Wydarzeniem środy i całego tygodnia na rynkach finansowych jest posiedzenie amerykańskiej Rezerwy Federalnej (Fed). Decyzja ws. stóp procentowych zostanie ogłoszona o godzinie 20:00 polskiego czasu. Pół godziny później rozpocznie się konferencja prasowa szefa Fed Jerome Powella.

Przed dzisiejszym posiedzeniem Fed inwestorów dręczy przede wszystkim pytanie, czy czerwcowy spadek inflacji CPI w USA do 3 proc. z 4 proc. R/R w maju i ze szczytu na poziomie 9,1 proc. R/R w czerwcu 2022 roku skłoni Powella i resztę członków Fed do zakończenia cyklu podwyżek stóp procentowych?

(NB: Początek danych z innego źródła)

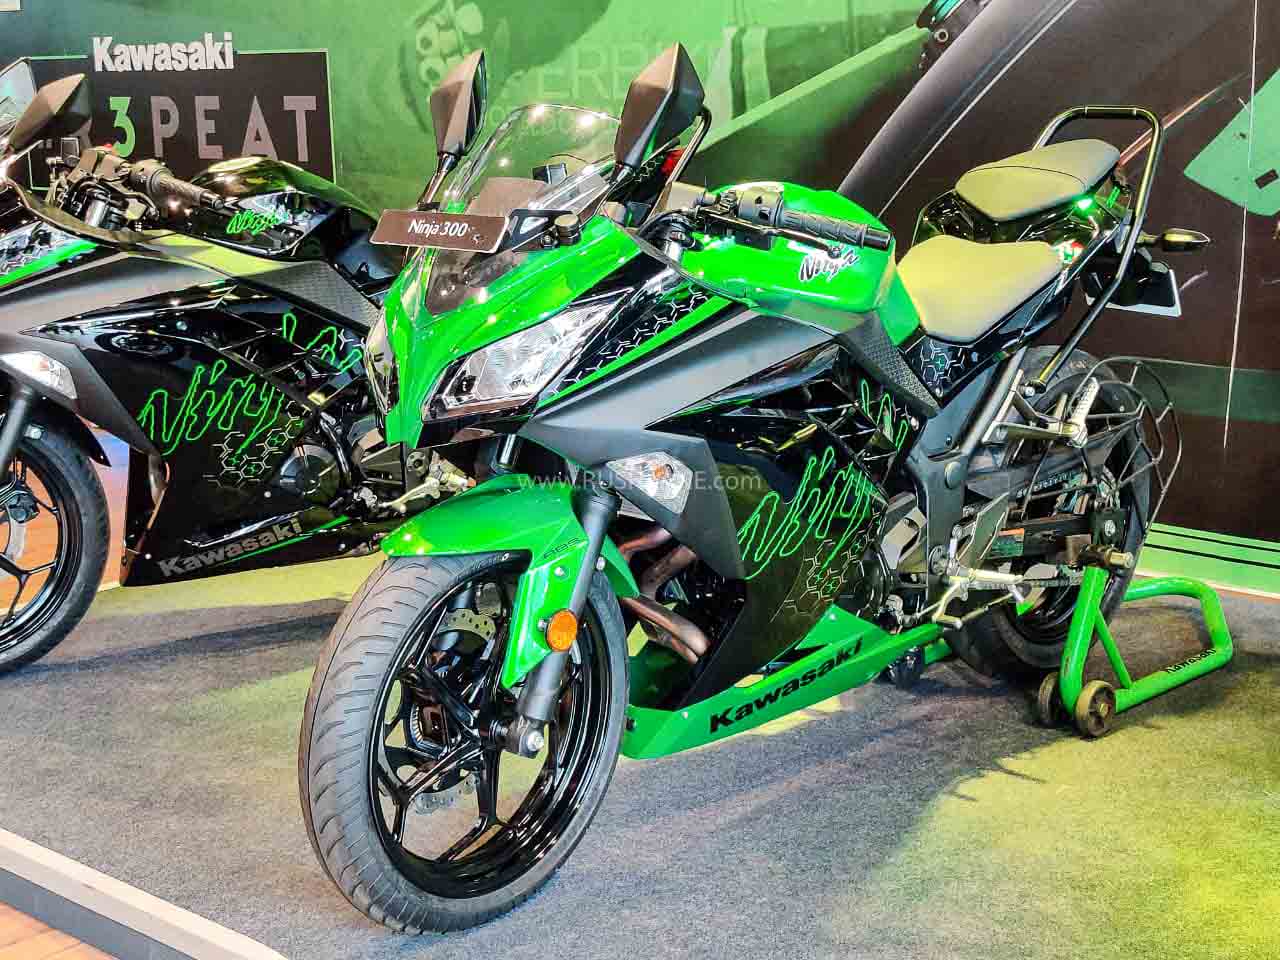 2021 Kawasaki Ninja 300 Online Bookings Via Amazon India At Rs 3k

To co jest pewne niemal na 100 proc., to że dziś Fed podwyższy stopy procentowe o 25 punktów bazowych, podnosząc tym samym przedział wahań dla stopy funduszy federalnych do poziomu 5,25-5,50 proc. Ta decyzja jest zapowiedziana przez Fed i w pełni zdyskontowana przez rynki. Przejrzysta polityka prowadzona przez Fed praktycznie wyklucza jakąkolwiek inną decyzję na dzisiejszym posiedzeniu. Dlatego kluczowe będzie to, co dalej ze stopami. A więc co na konferencji powie Powell.

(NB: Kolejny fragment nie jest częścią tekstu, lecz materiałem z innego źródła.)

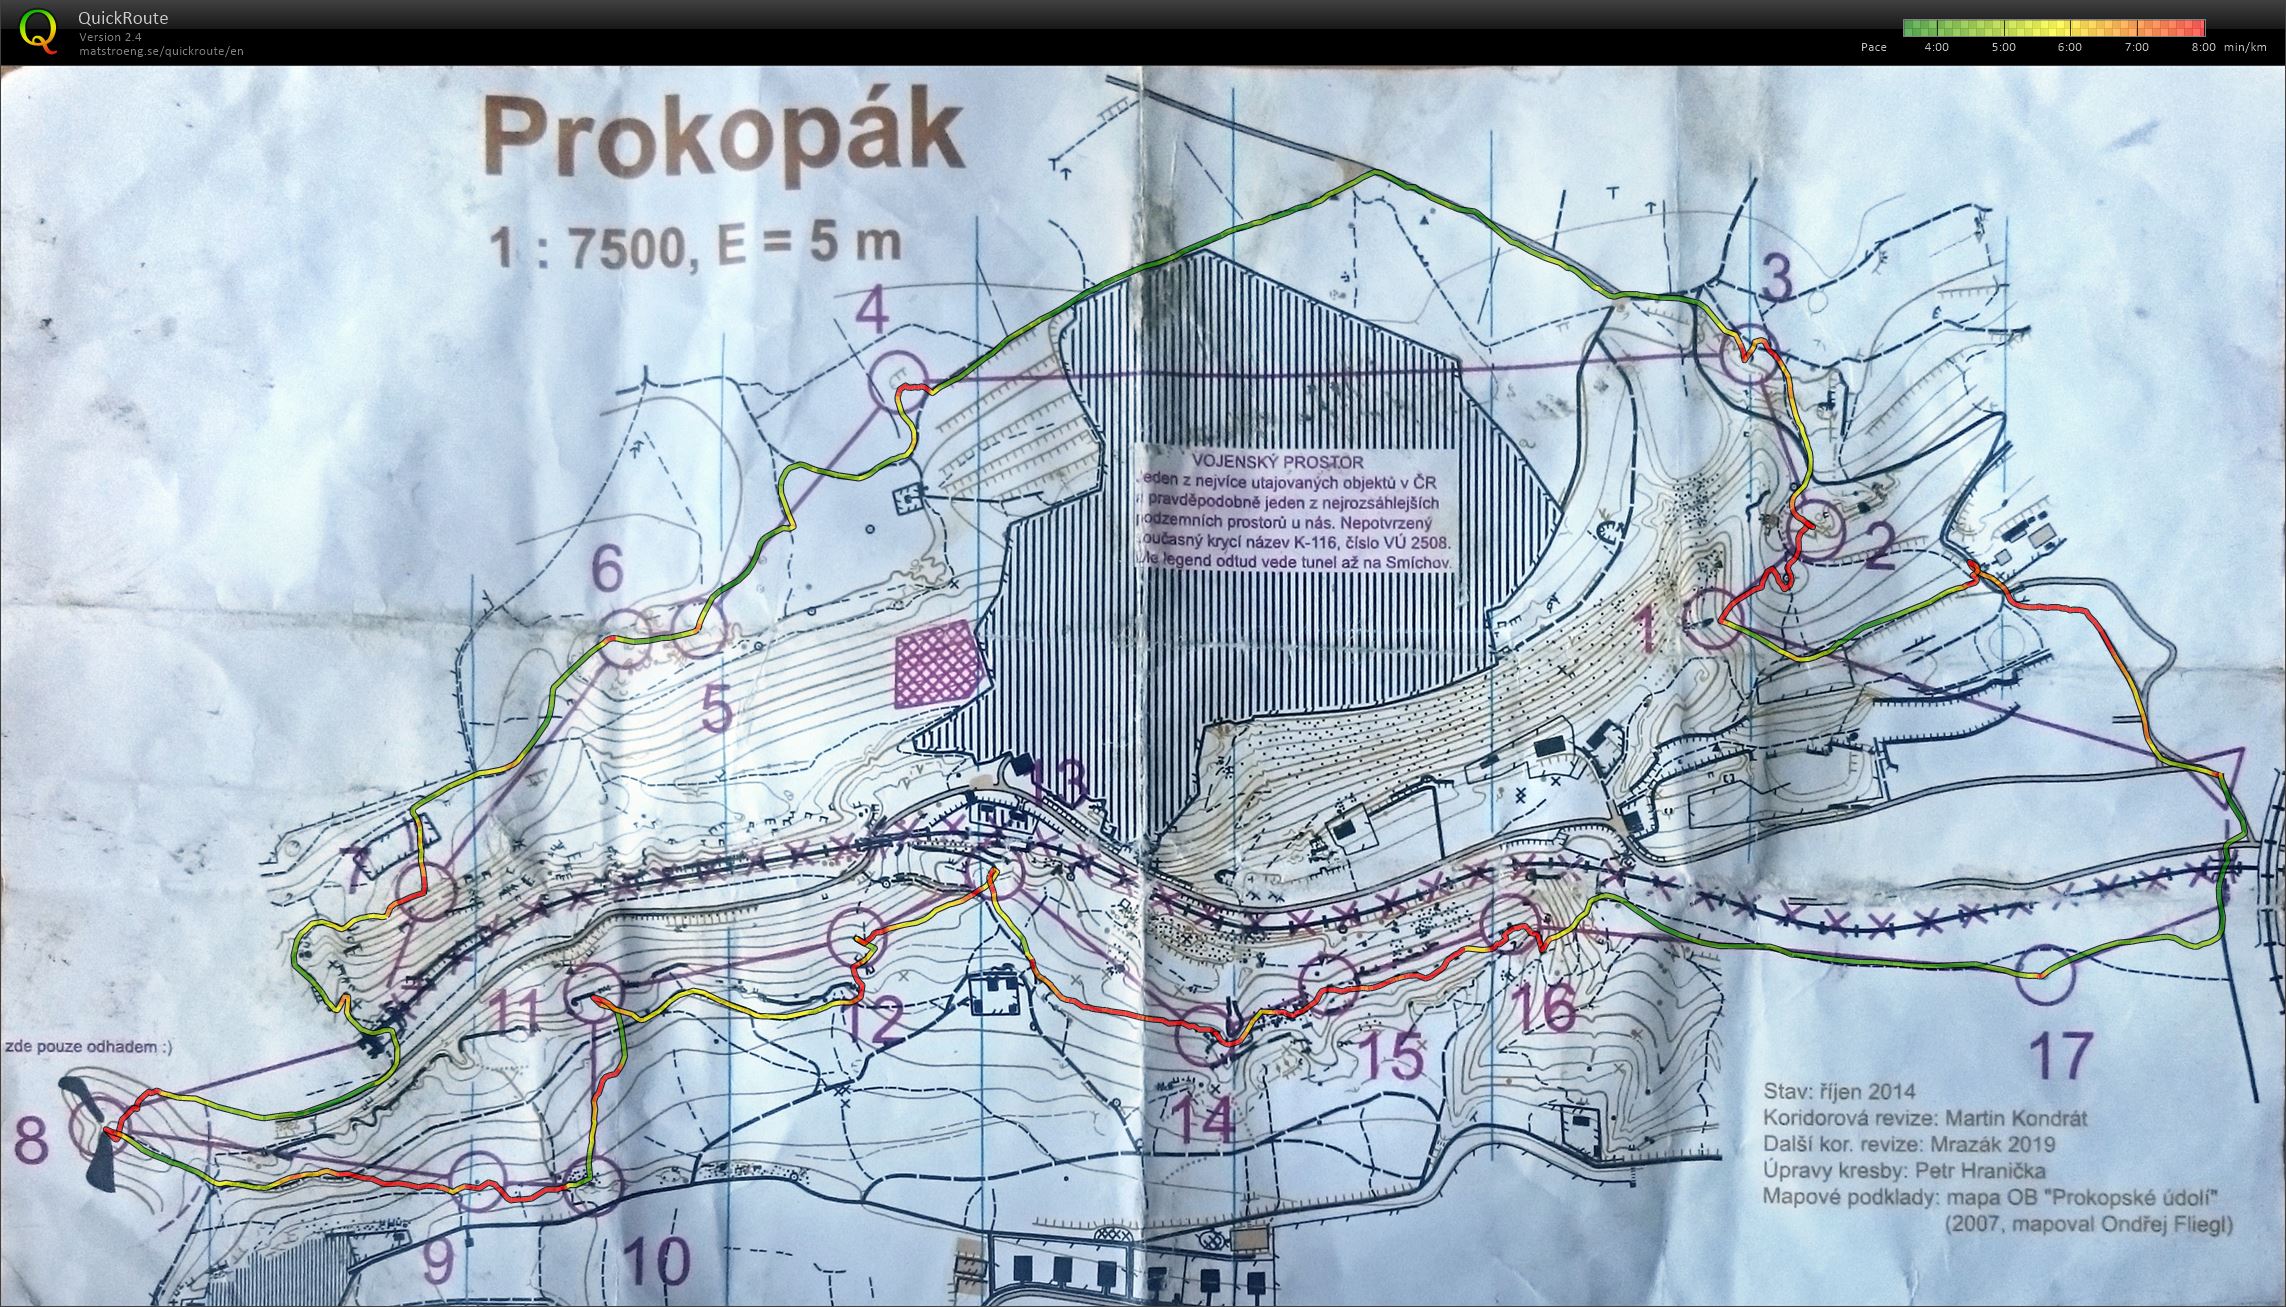 O-liga #6 - Prokopak (30-07-2019)

Ostatnio, gdy Fed wstrzymał się z podwyżkami stóp, robiąc tzw. jastrzębią pauzę, jednocześnie zapowiedział jeszcze 2 podwyżki. Jedna z nich będzie dziś. Pytanie, czy we wrześniu będzie druga? Rynki nie wierzą w taki scenariusz. Do takiego myślenia skłania ich szybszy od oczekiwań spadek inflacji. Tyle tylko, że nawet jeżeli Fed już nie podniesieni stóp procentowych, to raczej głośno o tym nie będzie mówił. Raczej pozostanie dalej "jastrzębio nastawiony", żeby nie psuć efektów dotychczasowych podwyżek. Ogłoszenie końca podwyżek, nawet jeżeli do odbędzie się "między zdaniami, natychmiast wywoła wzrost oczekiwań na szybkie obniżki stóp. A to nie pomoże wrócić inflacji w USA do celu.

Jak na to wszystko zareagują rynki? Wydaje się, że podtrzymanie przez Fed "jastrzębiej retoryki" sprowokuje dziś wzrost awersji do ryzka, co przełoży się na spadki na giełdach i umocnienie dolara. Prawdopodobnie jednak nie na długo. Inwestorzy zdają sobie sprawę, że polityka monetarna jest w punkcie zwrotnym, więc szybko taka korekta na giełdach zostanie wykorzystana do ponownego kupna akcji, a mocniejszy dolar zacznie być sprzedawany, co przy okazji przełoży się na wzrosty na rynku surowcowym.